GIVEN INFORMATION ::
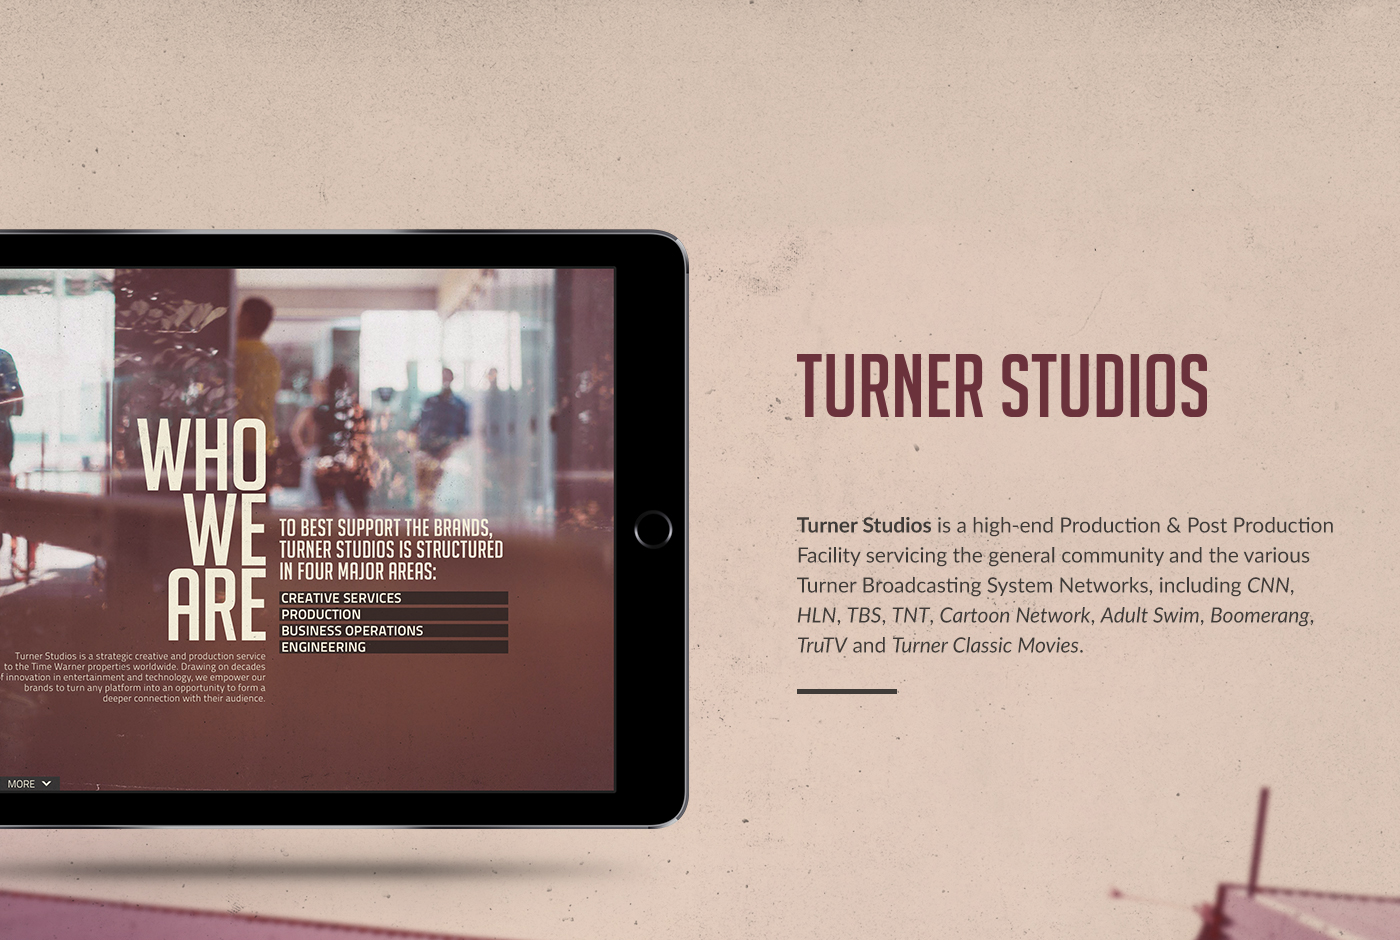 Turner Studios iPad wrecking ball DPS Digital Magazine time warner digital agencylife Webdesign videos turner broadcast Digital Publishing
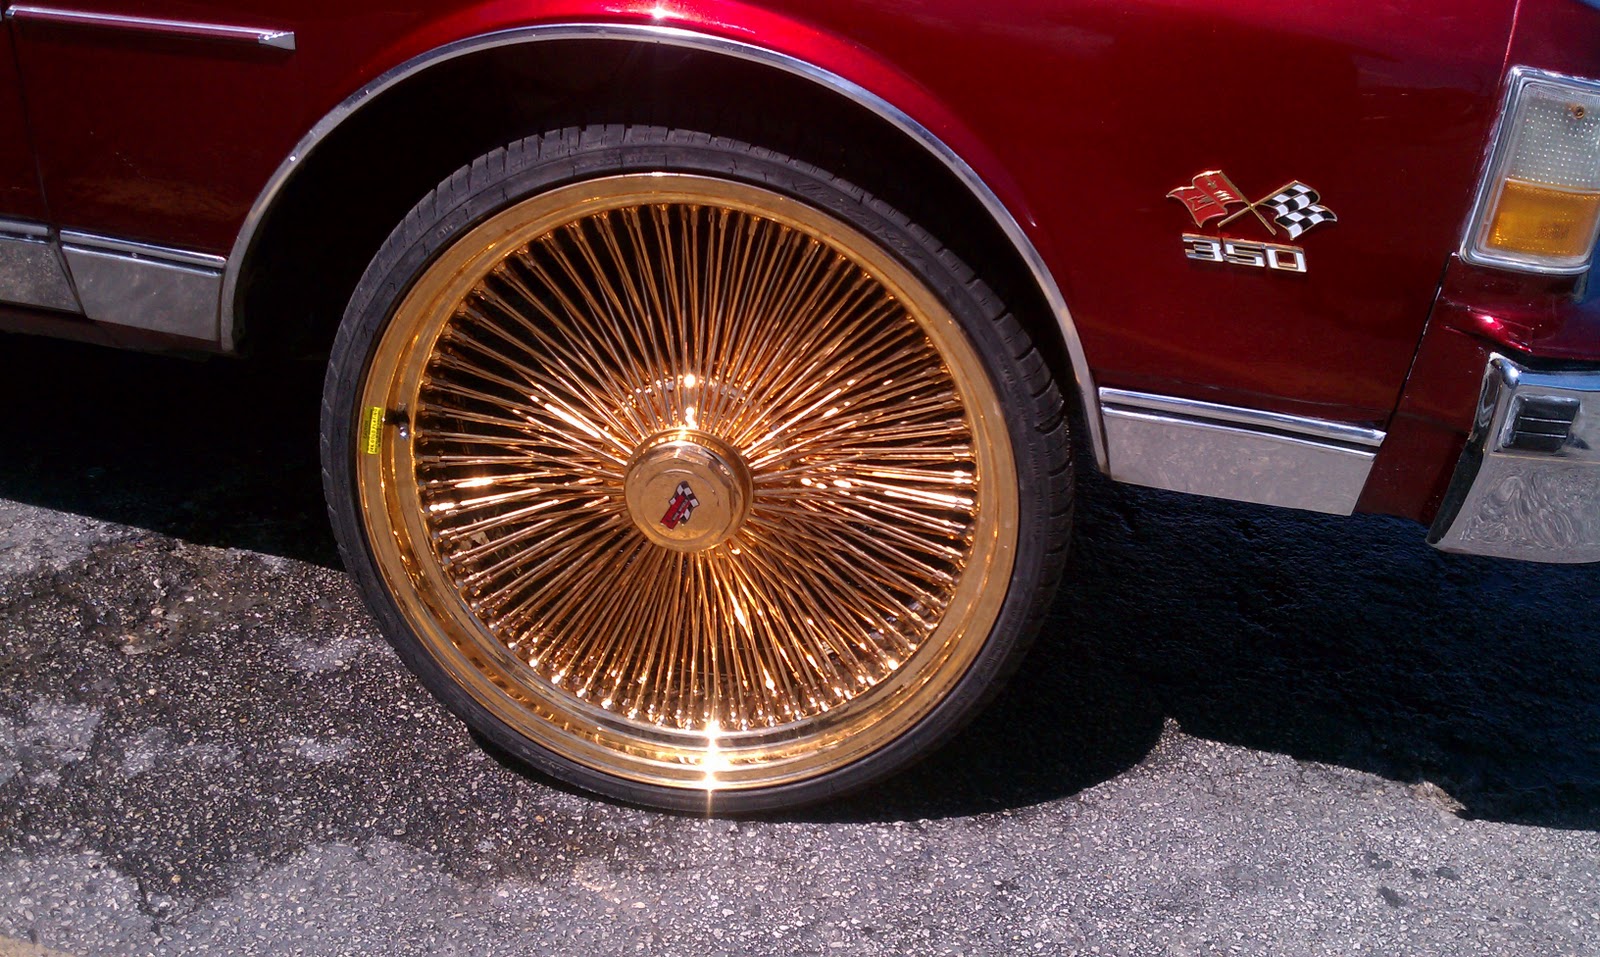 24 inch dayton rims for sale - 🧡 Комплект колес 26 дюймов на 144 спиц - К....
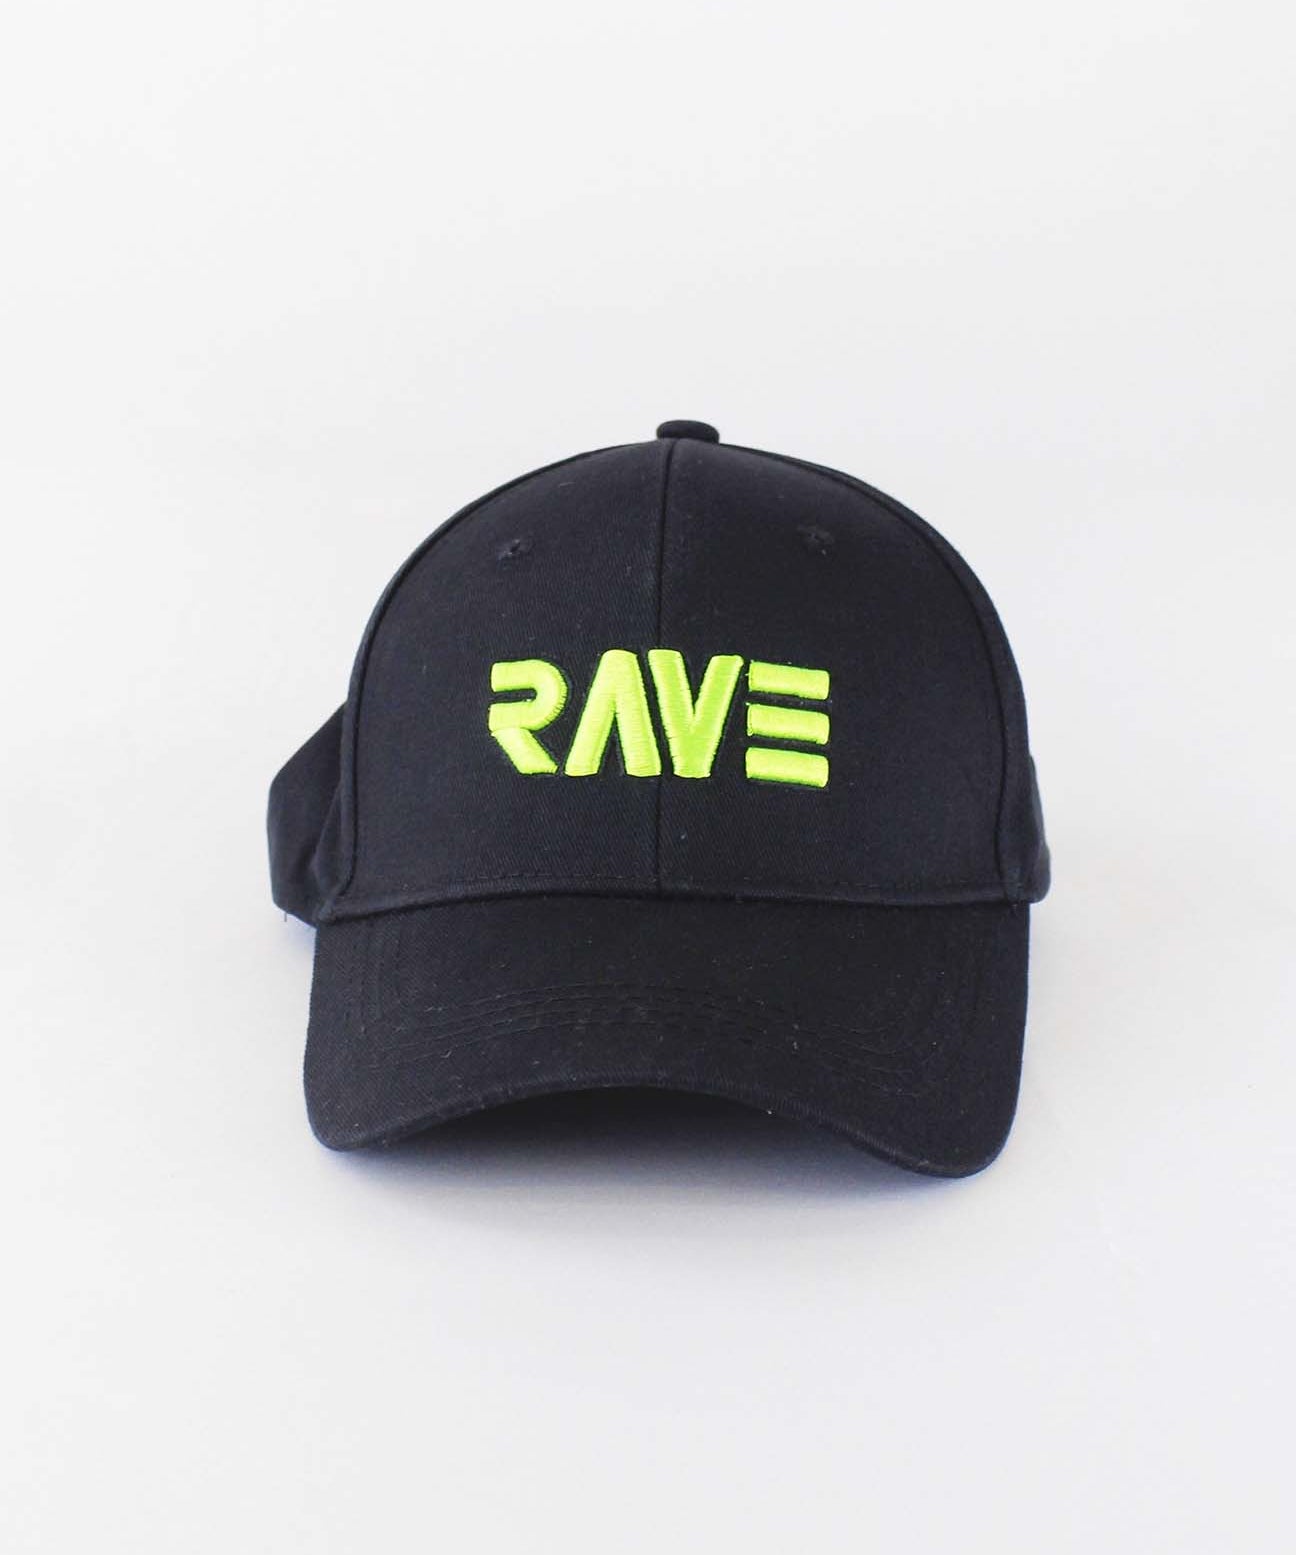 'RAVE' EMBROIDERED CAP - svnx

YOUR TASK :: Each line from the one with "24 inch dayton" to the final line of the data above is to be printed exactly; no picture should appear in the copy.

EXERCISE RESPONSE ::
 24 inch dayton rims for sale - 🧡 Комплект колес 26 дюймов на 144 спиц - К....
 'RAVE' EMBROIDERED CAP - svnx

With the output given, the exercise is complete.